The involvement of computational specialists in nano-safety research has become more prominent since Registration, Evaluation, Authorization and restriction of CHemicals (the European Union’s REACH regulation) promoted the use of in silico techniques such as QSAR for toxicity assessment. Data-driven models that decode the relationships between the biological activities of ENMs and their physicochemical characteristics provide an attractive means of maximizing the value of scarce, and expensive, experimental nanotoxicity data.

Nano-QSAR models can be used to predict the properties of new materials and to design safer materials.
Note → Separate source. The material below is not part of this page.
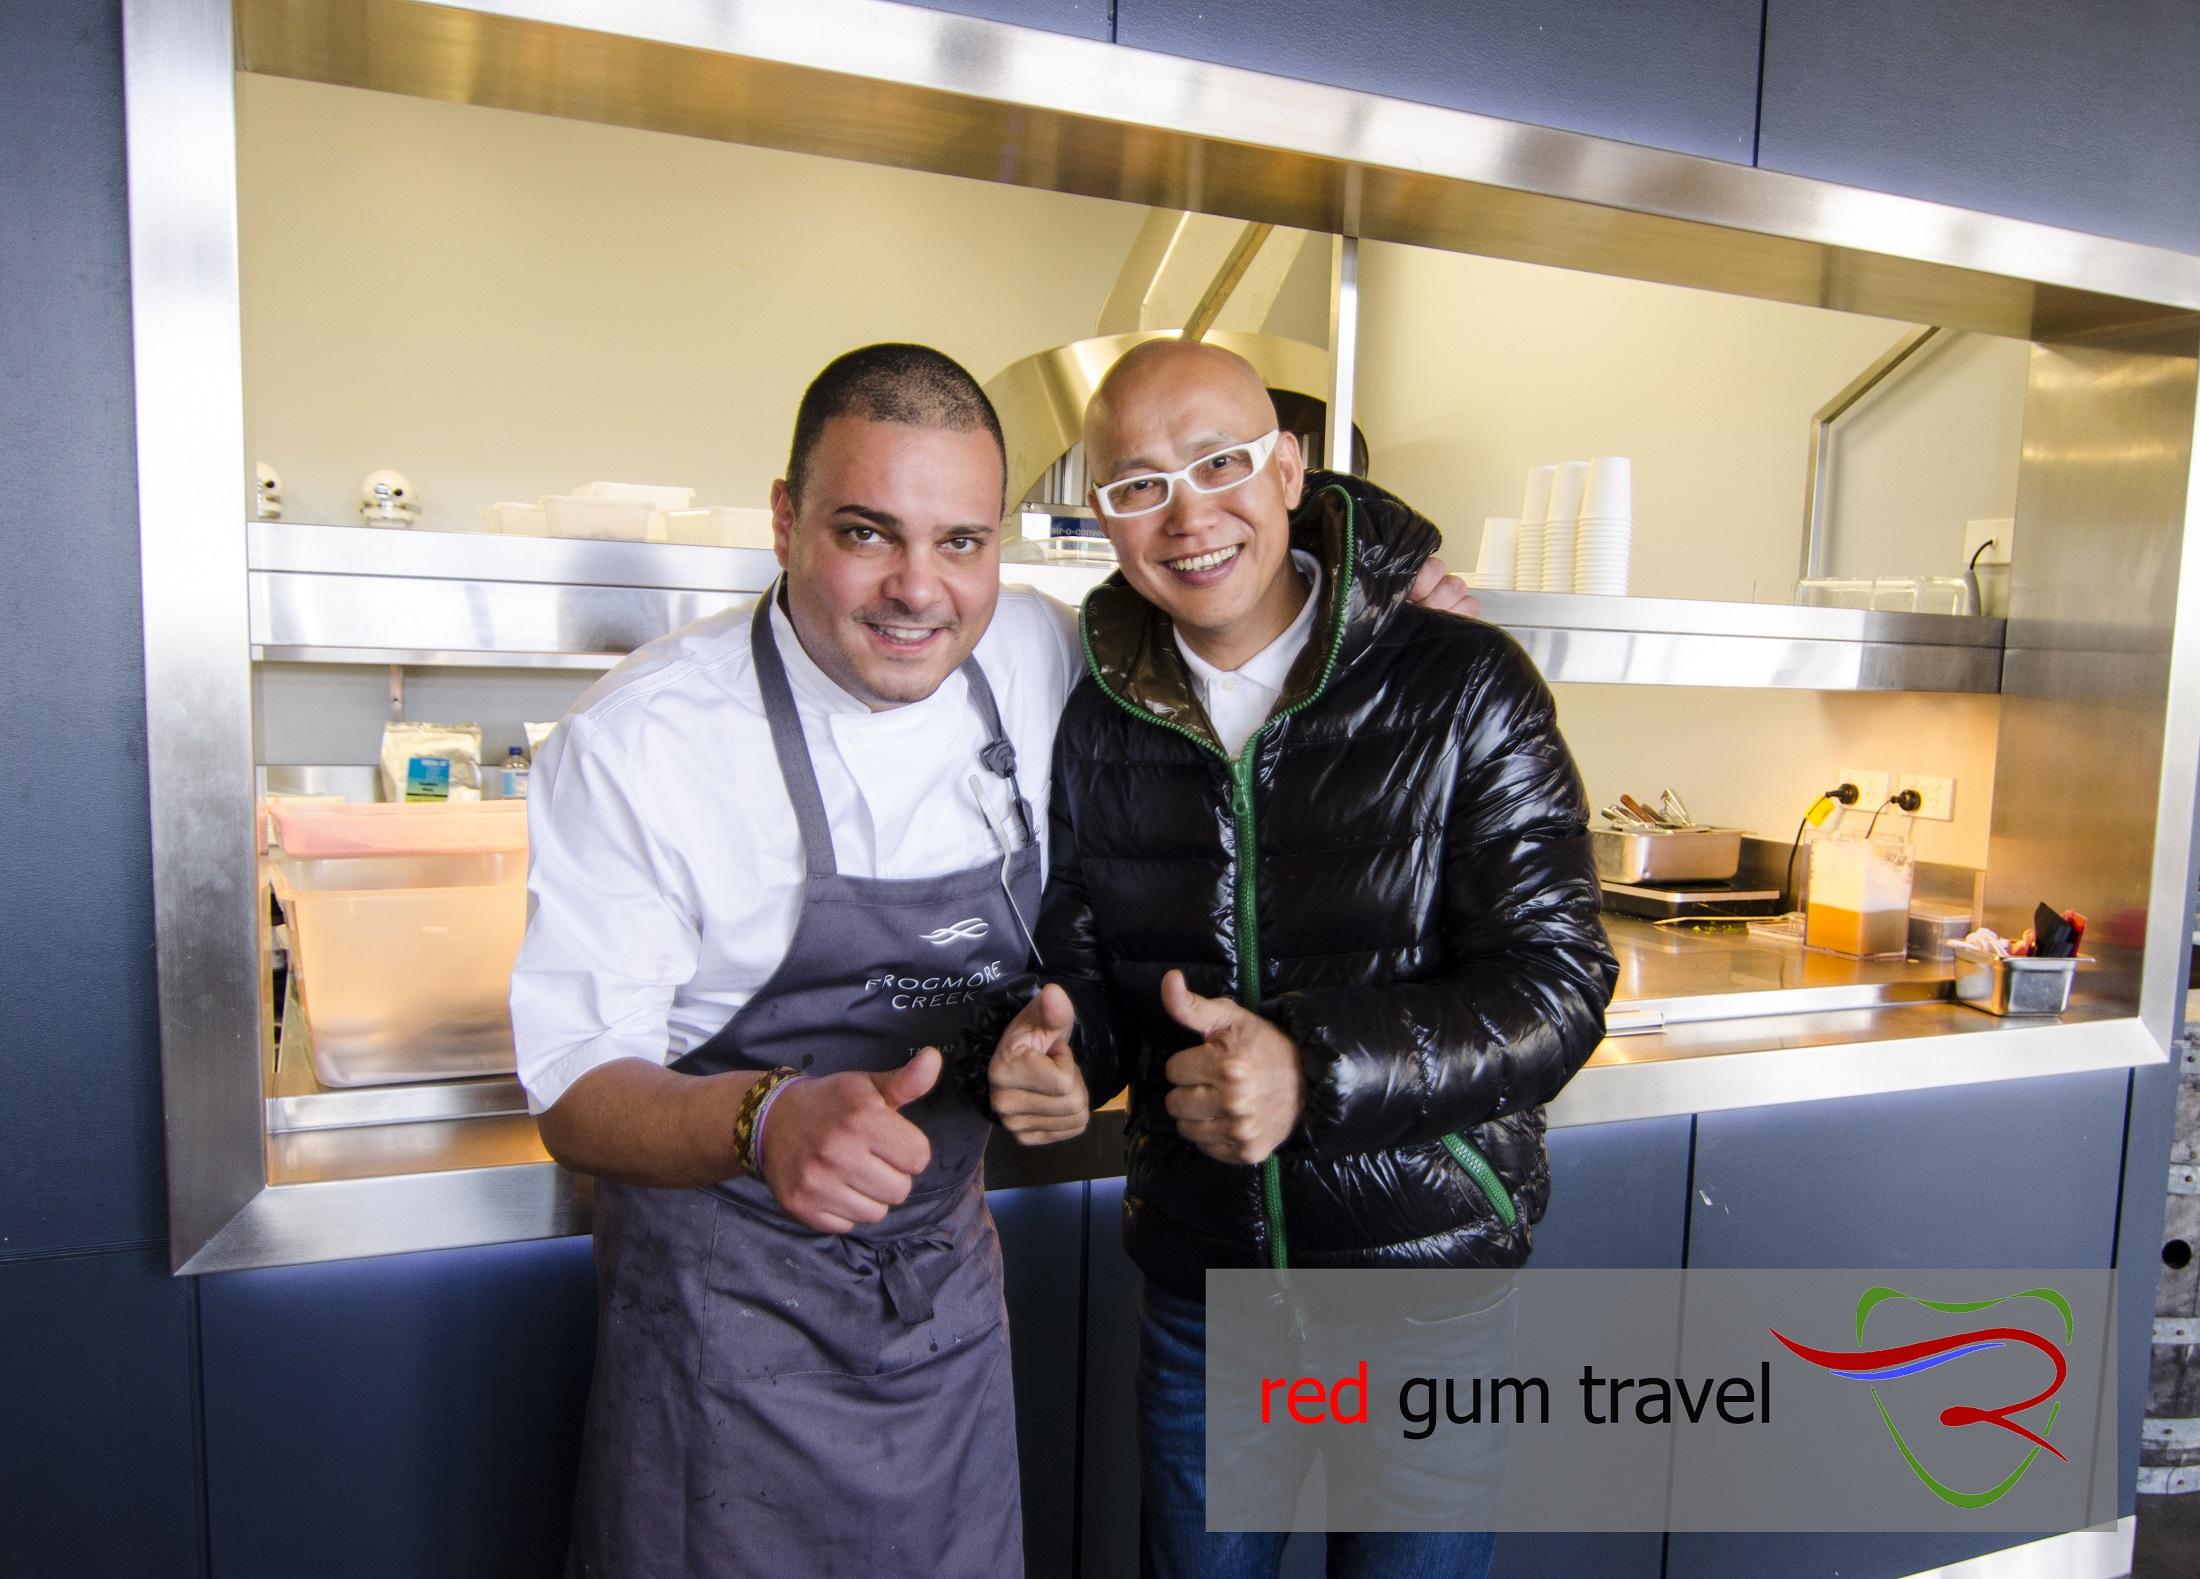 Chee & Frogmore Creek Chef Rueben

Leeds-based genetic programming-based decision tree (GPTree) approach27 applies decision tree learning algorithms to identify the best combination of physicochemical properties to predict biological activity of ENMs. The trees are automatically constructed from the data. Decision trees have several advantages. They are able to deal with small, large and noisy datasets; they can detect nonlinear relationships (as well as linear ones); they allow input variables to be selected automatically; they are transparent; and they represent knowledge clearly (i.e., the models are interpretable).

GPTree begins with a random population of solutions and repeatedly attempts to find better solutions by applying genetic operators such as mutation and crossover. The first step is to construct a user-specified number of trees (usually a large number) starting from a random compound and a randomly chosen descriptor. Once the initial population is generated, tournament selection is performed to identify the best tree to be used as a parent tree for genetic operators such as crossover. The best tree from the subset of trees is chosen by its fitness (e.g., accuracy). Genetic operators such as crossover and mutation are used to form the next generation of trees that are added or replace the current generation. These steps are repeated until the user-specified number of generations has been created. The decision tree model with the highest accuracy of classification for the training set is selected as the optimal decision tree model.

Ceyda demonstrated the application of genetic-programming-based decision tree construction algorithms to QSAR modeling of ENM toxicity by five case studies. The accuracy of the model predictions was satisfactorily high and clearly highly statistically significant relative to the classification rate due to chance.

In the first case study, a large set of in-house in vitro data (obtained in collaboration with Edinburgh University) was used. The dataset included a panel of 18 ENMs with varying structures (e.g., carbon-based materials and metal oxides), a set of in vitro cytotoxicity assays (e.g., LDH release, apoptosis, necrosis, viability, MTT and hemolytic effects), and several experimentally measured physicochemical properties (e.g., particle size and size distribution, surface area, morphology, metal content, reactivity and free radical generation). After a set of data preparation and scaling steps, a heat map of toxicity data combined with hierarchical clustering was constructed. As a second step, C-Visual Explorer (CVE) was used as a tool to create a parallel coordinate plot of the multivariate toxicity data. Similar to the heat map visualization results, the parallel coordinate plot showed that the aminated polystyrene latex beads and zinc oxide had the highest toxicity values in nearly all assays, followed by nanotubes that had medium to high toxicity values in viability and MTT assays.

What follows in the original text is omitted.